• INSTRUCTIONS FOR THE TASK:
With the images excluded, set down every line of the listing below exactly.

• DATA EXTRACT:
+===+
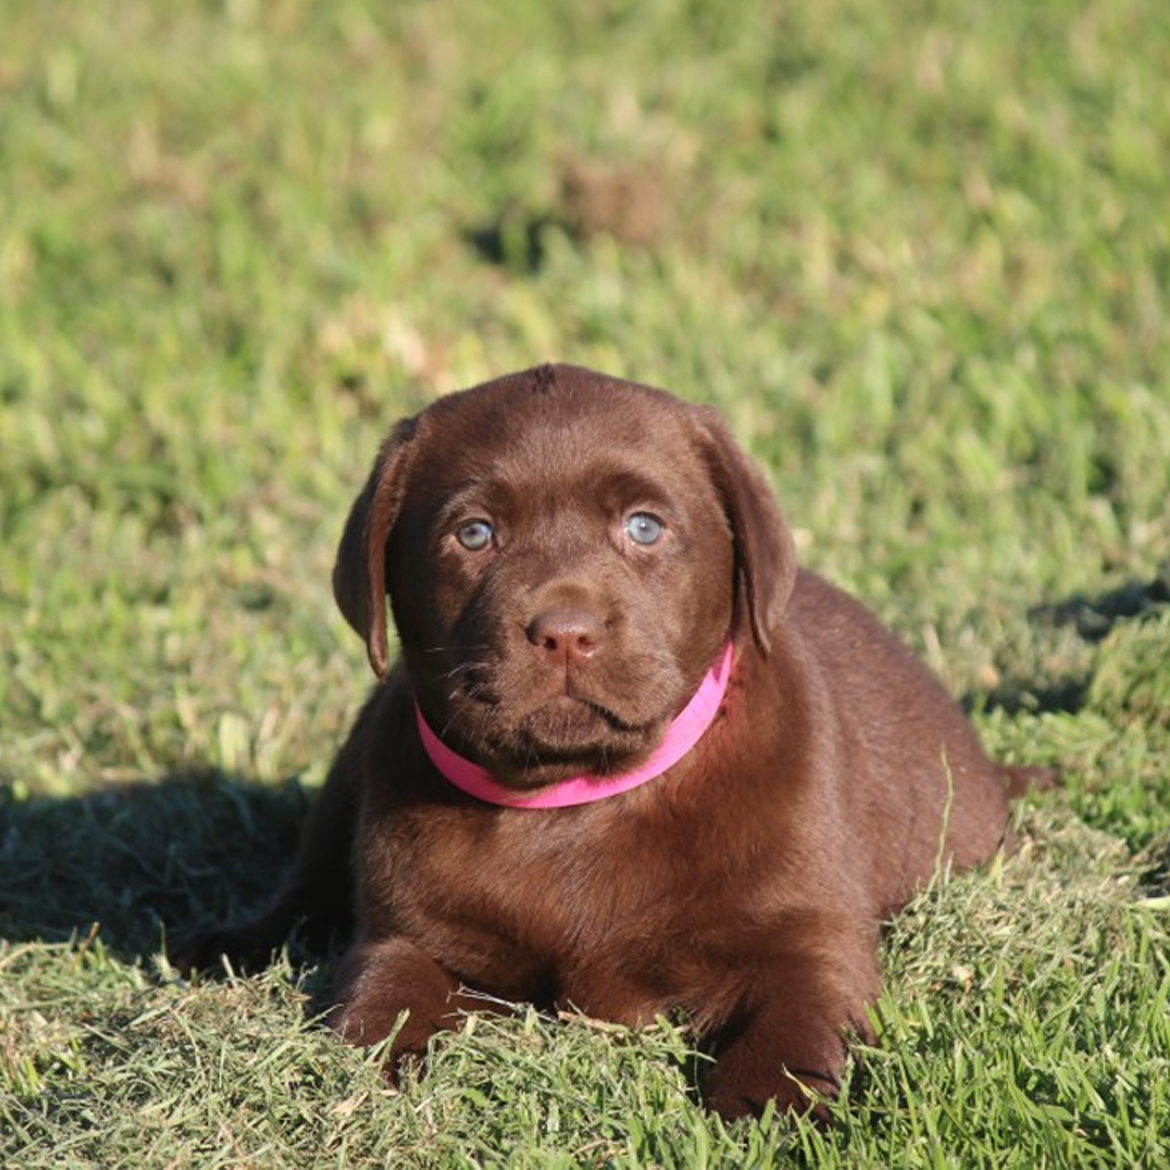 Puppy-1-Square--Yellowdog-Labradors-Labrador-Puppies-for-Sale-Hunter-Valley-Australia-Yellow-Chocolate-Black-Lab-Puppies
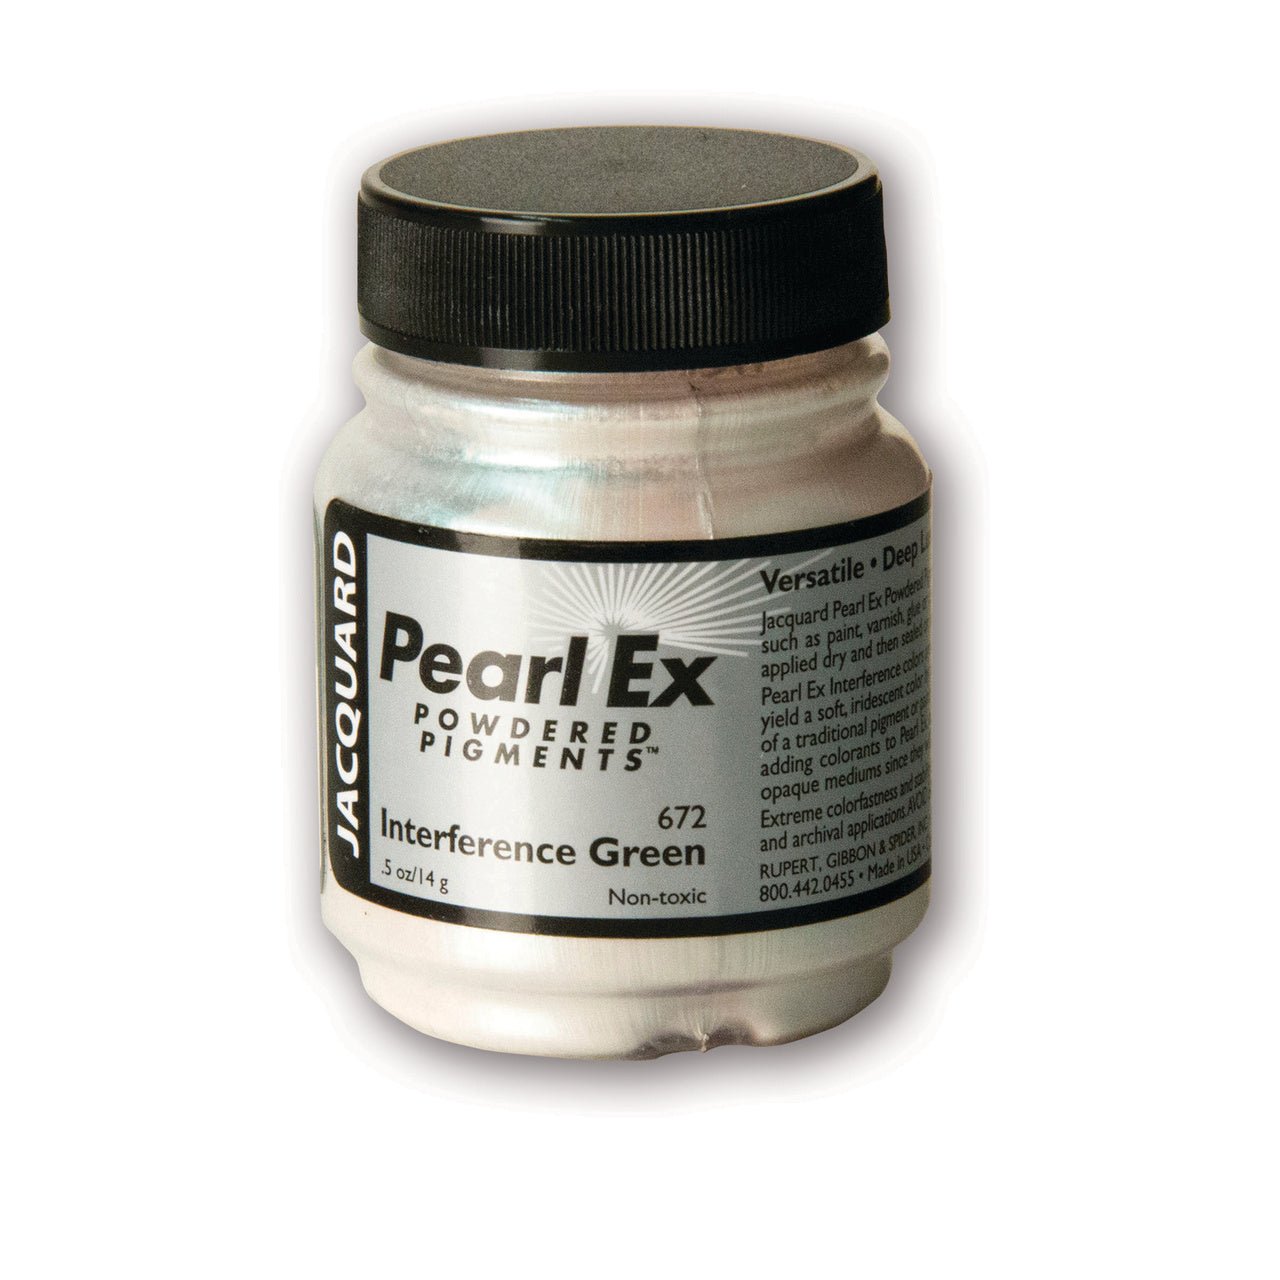 Jacquard Pearl-Ex Powdered Pigment .5 Oz Interference Green - merriartist.com
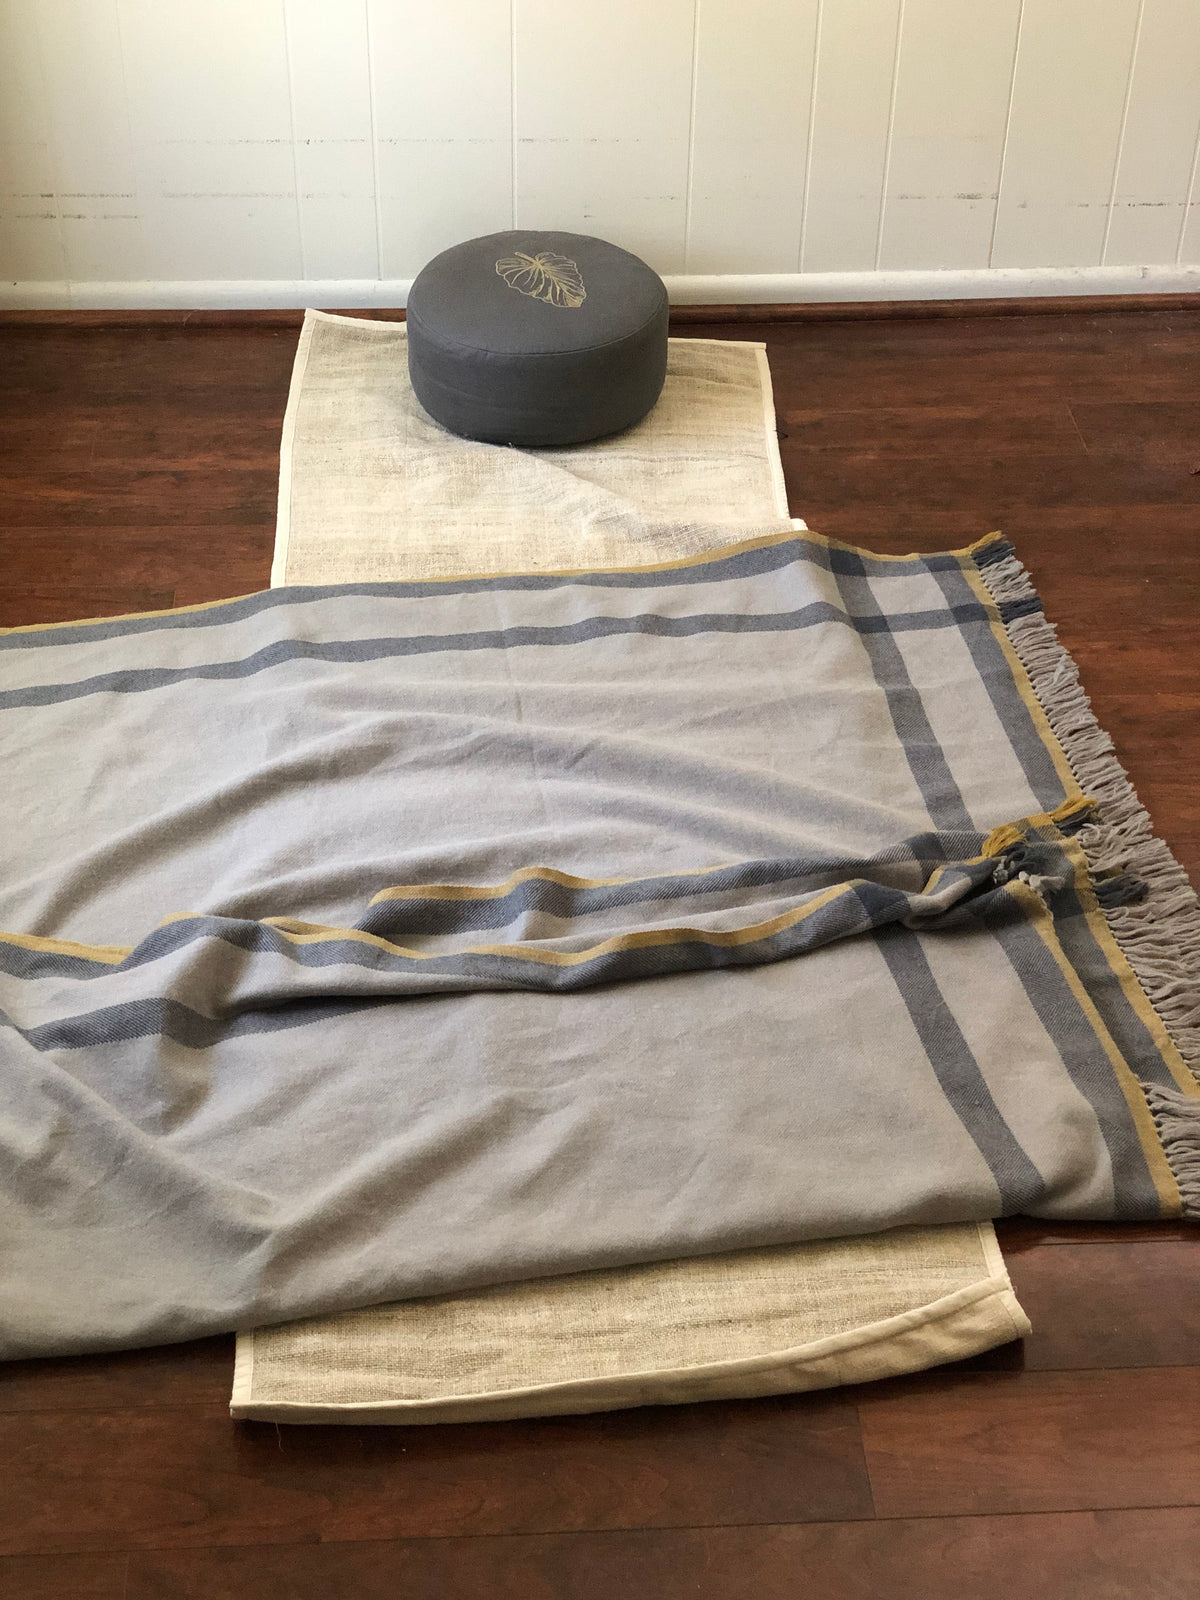 The Practitioner's Bundle: 100% Wool Meditation Shawl, Natural Hemp Yoga Mat and Meditation Cushion
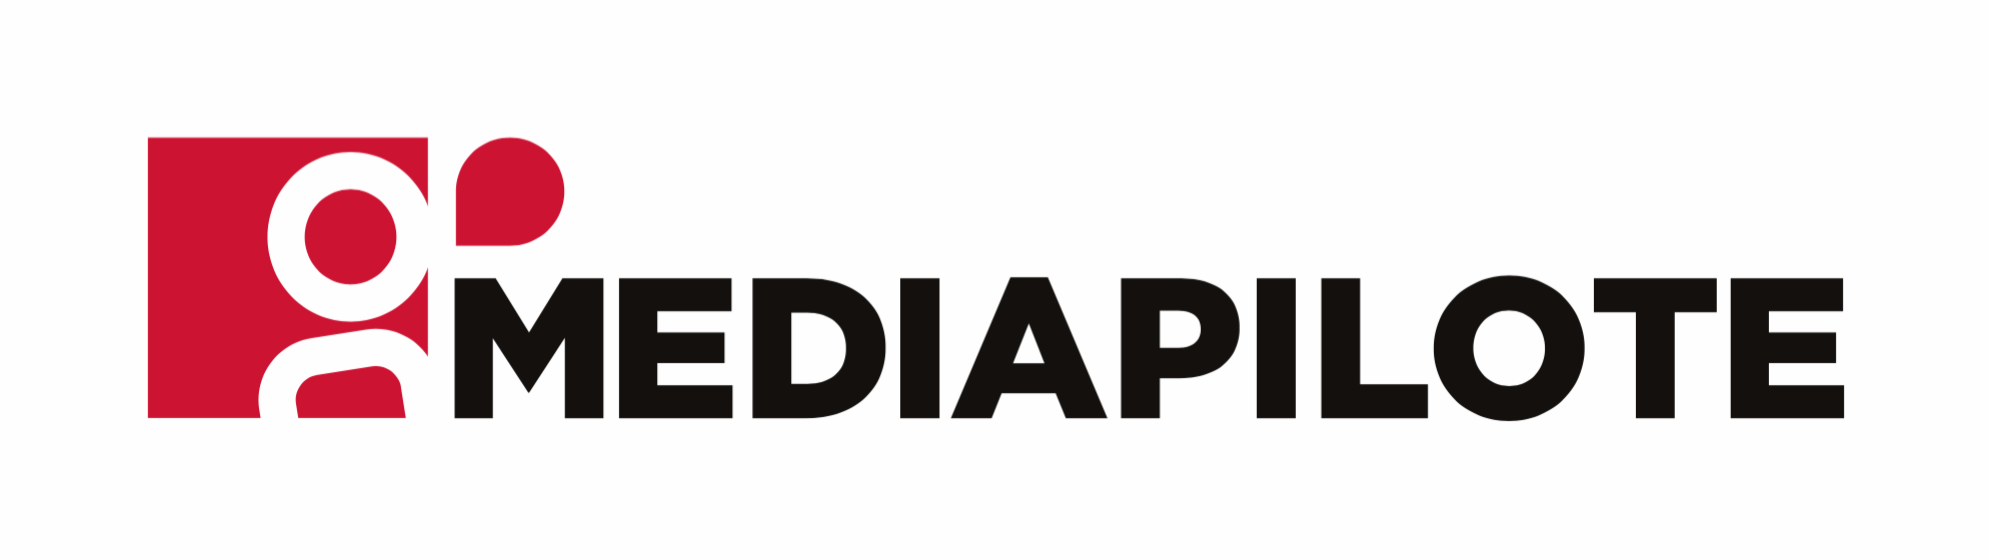 partenaires_mediapilote-logo2017
+===+
• EXERCISE RESULT:
 Puppy-1-Square--Yellowdog-Labradors-Labrador-Puppies-for-Sale-Hunter-Valley-Australia-Yellow-Chocolate-Black-Lab-Puppies
 Jacquard Pearl-Ex Powdered Pigment .5 Oz Interference Green - merriartist.com
 The Practitioner's Bundle: 100% Wool Meditation Shawl, Natural Hemp Yoga Mat and Meditation Cushion
 partenaires_mediapilote-logo2017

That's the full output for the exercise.